Each pipe can have one or more nodes. In this pipe, as we can see, we’re defining two nodes: only_buy_events and top_per_day.

  • The first one filters “buy” events and extracts some data from the json column.

  • The second one runs the aggregation.

The pattern to define a pipeline is simple: use NODE to start a new node and then use SQL > to define the SQL for that node. Notice you can use other nodes inside the SQL. In this case, the second node uses the first one only_buy_events.
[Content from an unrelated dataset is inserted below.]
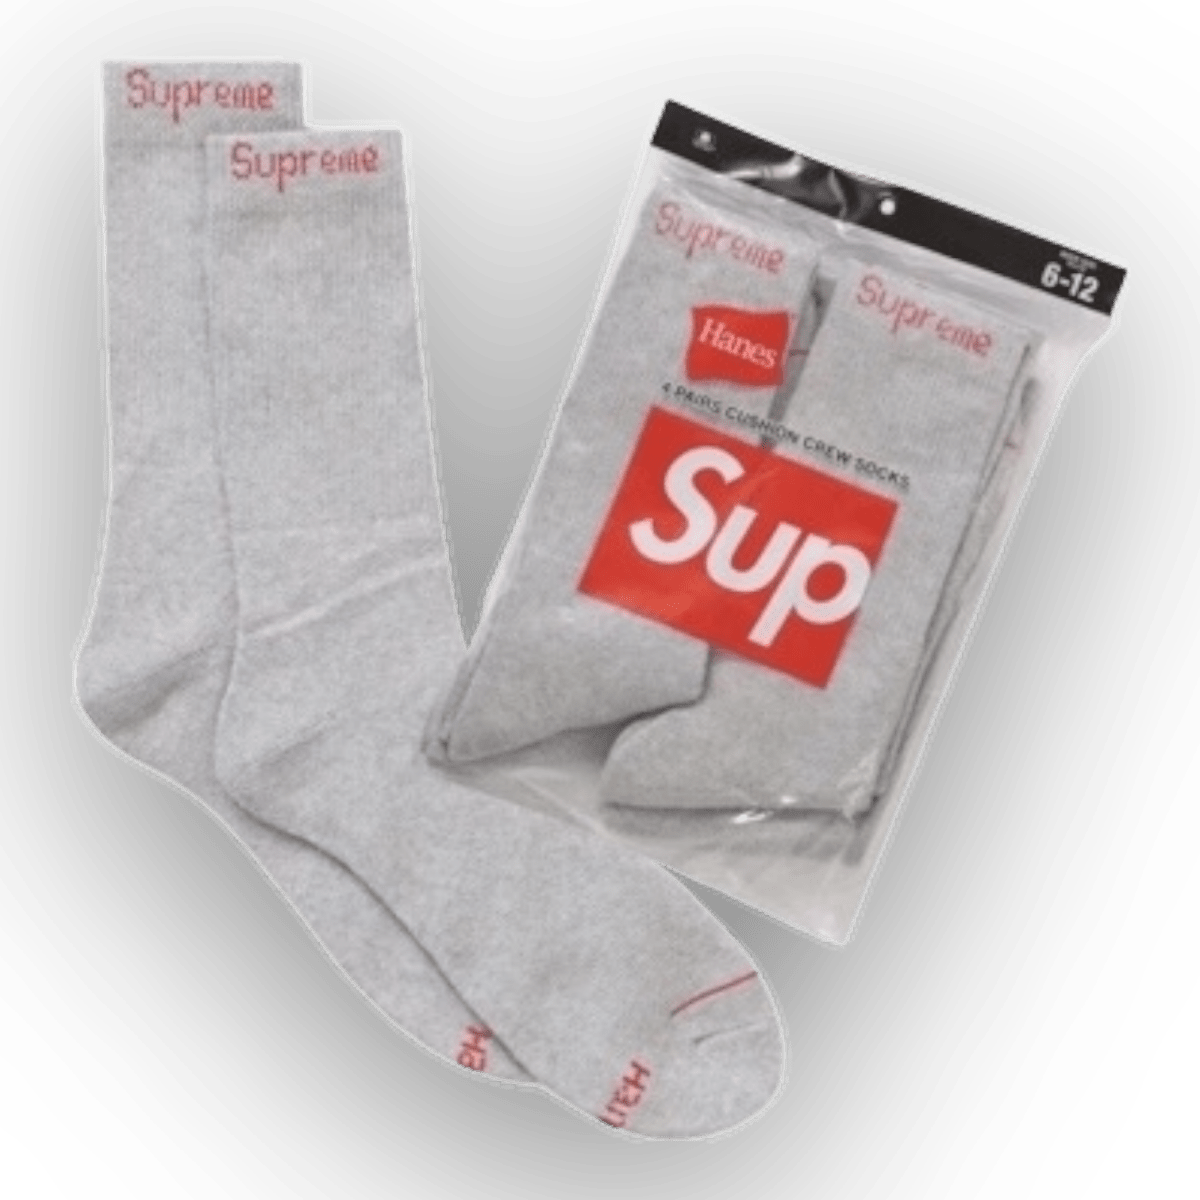 Supreme Hanes Crew Socks Grey (4 Pack) - Outerwear - Jawns on Fire Sneakers & Streetwear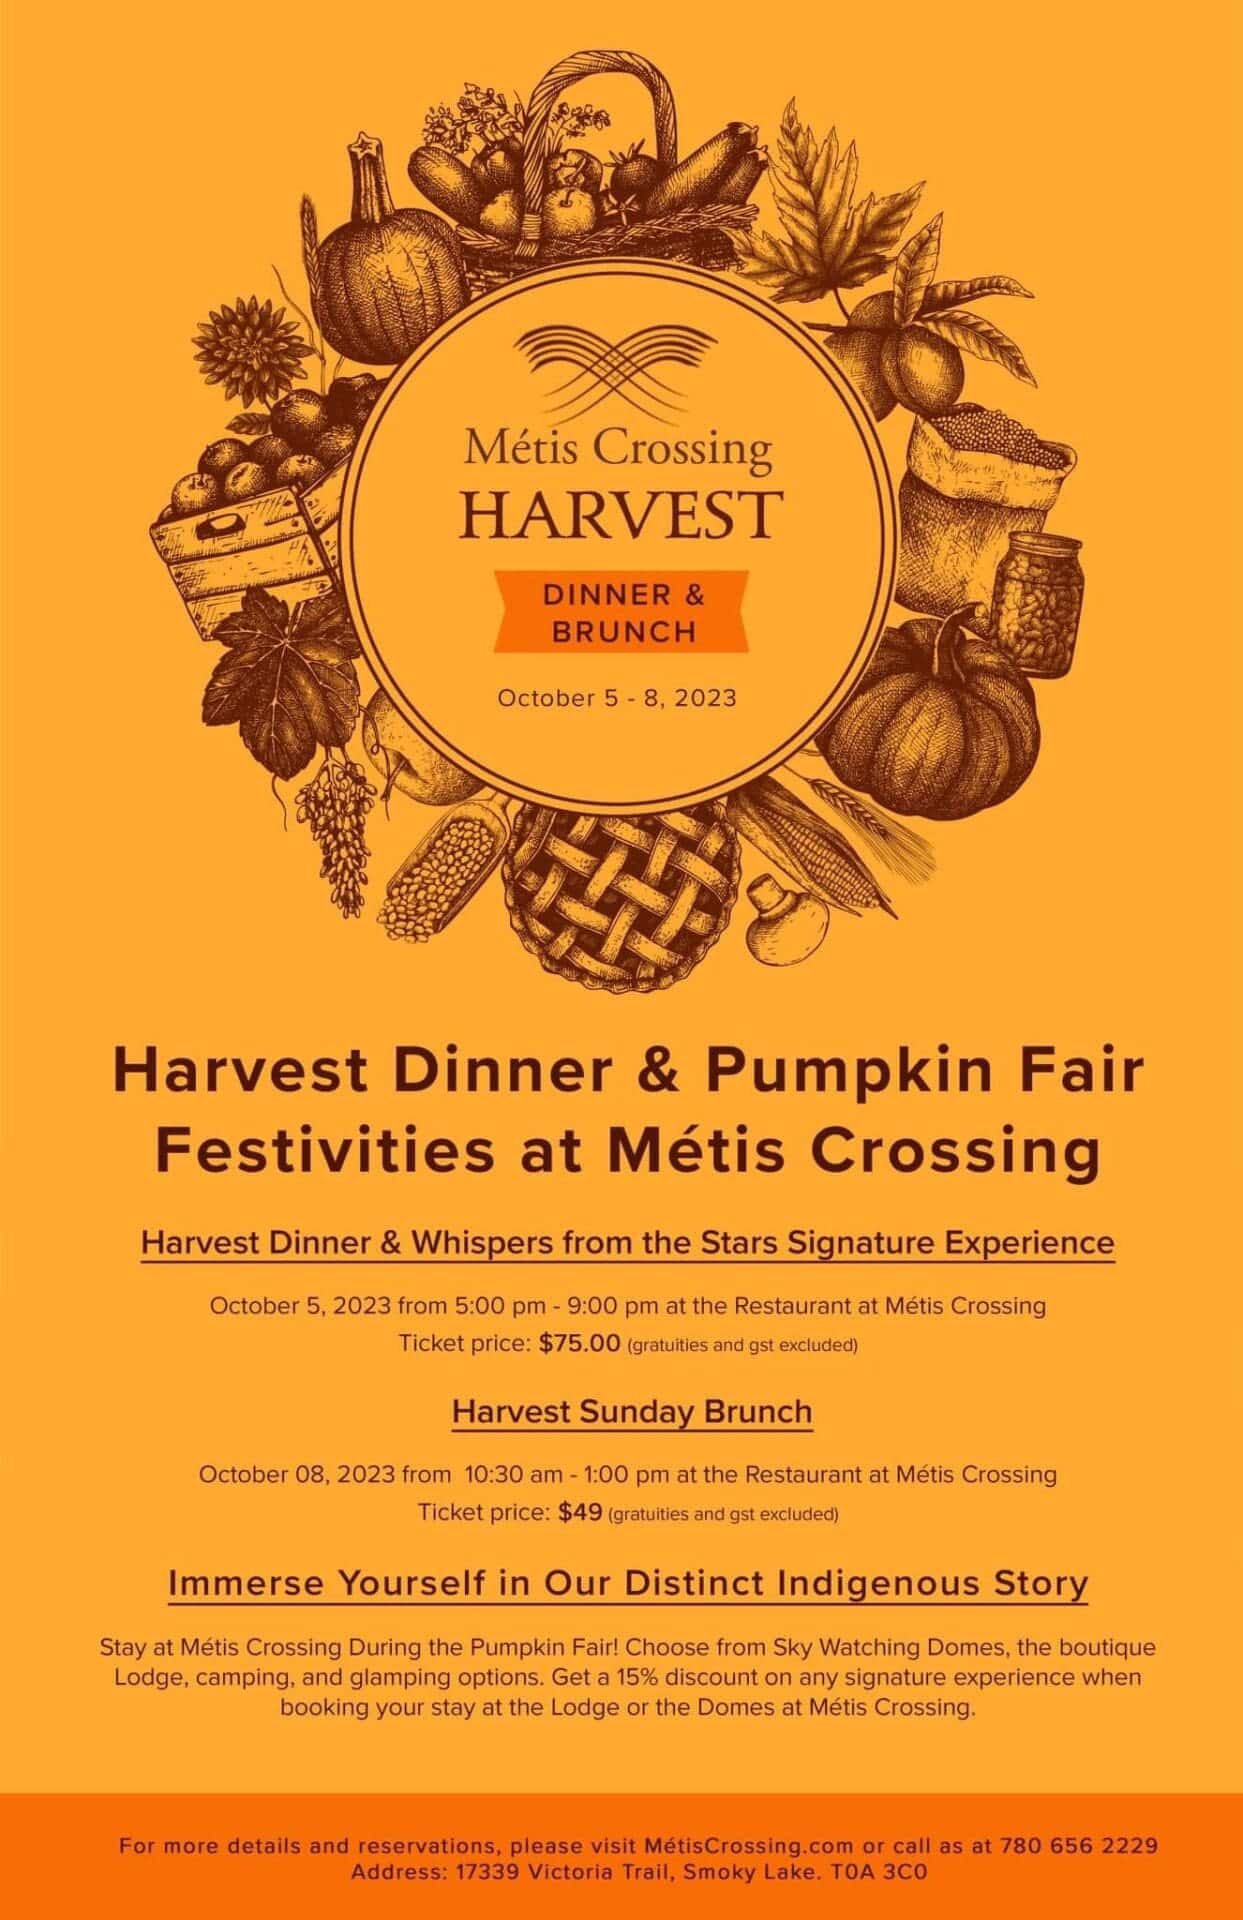 https://goeastofedmonton.com/wp-content/uploads/2023/09/Metis-Crossing-Harvest-Dinner-Brunch-1-scaled.jpg

Pushing a pipe is the same as pushing a data source:

Populate
$ tb push pipes/top_product_per_day.pipe --populate
** Processing pipes/top_product_per_day.pipe
** Building dependencies
** Creating top_product_per_day
** Populate job url https://api.tinybird.co/v0/jobs/c7819921-aca0-4424-98c5-9223ca2475c3
** not pushing fixtures

In this case, it’s a materialized node. If you want to populate with the existing data in events table you can use --populate flag

When using the --populate flag you get a job URL. Data population is done in backgroundo, so you can check the status of the job by checking the URL provided.

Define endpoints

Endpoints are the way you expose the data to be consumed. They look pretty similar to pipes and, well, they are actually pipes that transform the data but add an extra step that exposes the data.

Let’s look into endpoints/top_products.pipe

NODE endpoint
DESCRIPTION >
    returns top 10 products for the last week
SQL >
    SELECT
        date,
        topKMerge(10)(top_10) AS top_10
    FROM top_per_day
    WHERE date > today() - interval 7 day
    GROUP BY date

The syntax is exactly the same we’re using in the data transformation pipes, but now, the results can be accessed through the endpoint https://api.tinybird.co/v0/top_products.json?token=TOKEN

When you push an endpoint a TOKEN with PIPE:READ permissions is automatically created. You can see it from the tokens UI or directly from the CLI with the command tb pipe token_read <endpoint_name>

Let’s push it now:

Push the top products pipe
$ tb push endpoints/top_products.pipe
** Processing endpoints/top_products.pipe
** Building dependencies
** Creating top_products
** => Test endpoint at https://api.tinybird.co/v0/pipes/top_products.json
** not pushing fixtures

It’s possible to add parameters to any endpoint. For example, let’s parametrize the dates to be able to filter the data between two dates:

NODE endpoint
DESCRIPTION >
    returns top 10 products for the last week
SQL >
    %
    SELECT
        date,
        topKMerge(10)(top_10) AS top_10
    FROM top_per_day
    WHERE date between {{Date(start)}} AND {{Date(end)}}
    GRUP BY date

Now, the endpoint can receive start and end parameters: https://api.tinybird.co/v0/top_products.json?start=2018-09-07&end=2018-09-17&token=TOKEN

The supported types for the parameters are: Boolean, DateTime, Date, Float32, Float64, Int, Integer, Int8, Int16, UInt8, UInt16, UInt32, Int32, Int64, UInt64, Symbol, String

Note that for the parameters templating to work you need to start your NODE SQL definition by the character %

Overriding an endpoint or a data pipe

When working on a project, you usually need to push several versions of the same file. You can override a pipe that has already been pushed using the --force flag.

Override the pipe
$ tb push endpoints/top_products_params.pipe --force

** Processing endpoints/top_products_params.pipe
** building dependencies
** Creating op_products_params
current https://api.tinybird.co/v0/pipes/top_products_params.json?start=2020-01-01&end=2010-01-01
    new https://api.tinybird.co/v0/pipes/top_products_params__checker.json?start=2020-01-01&end=2010-01-01 ... ok
current https://api.tinybird.co/v0/pipes/top_products_params.json?start=2010-01-01&end=2021-01-01
    new https://api.tinybird.co/v0/pipes/top_products_params__checker.json?start=2010-01-01&end=2021-01-01 ... ok
**    => Test endpoint at https://api.tinybird.co/v0/pipes/op_products_params.json

It will override the endpoint. If the endpoint has been called before, it runs regression tests with the most frequent requests. If the new version doesn’t return the same data, then it’s not pushed. You can see in the example how to run all the requests tested (up to 10).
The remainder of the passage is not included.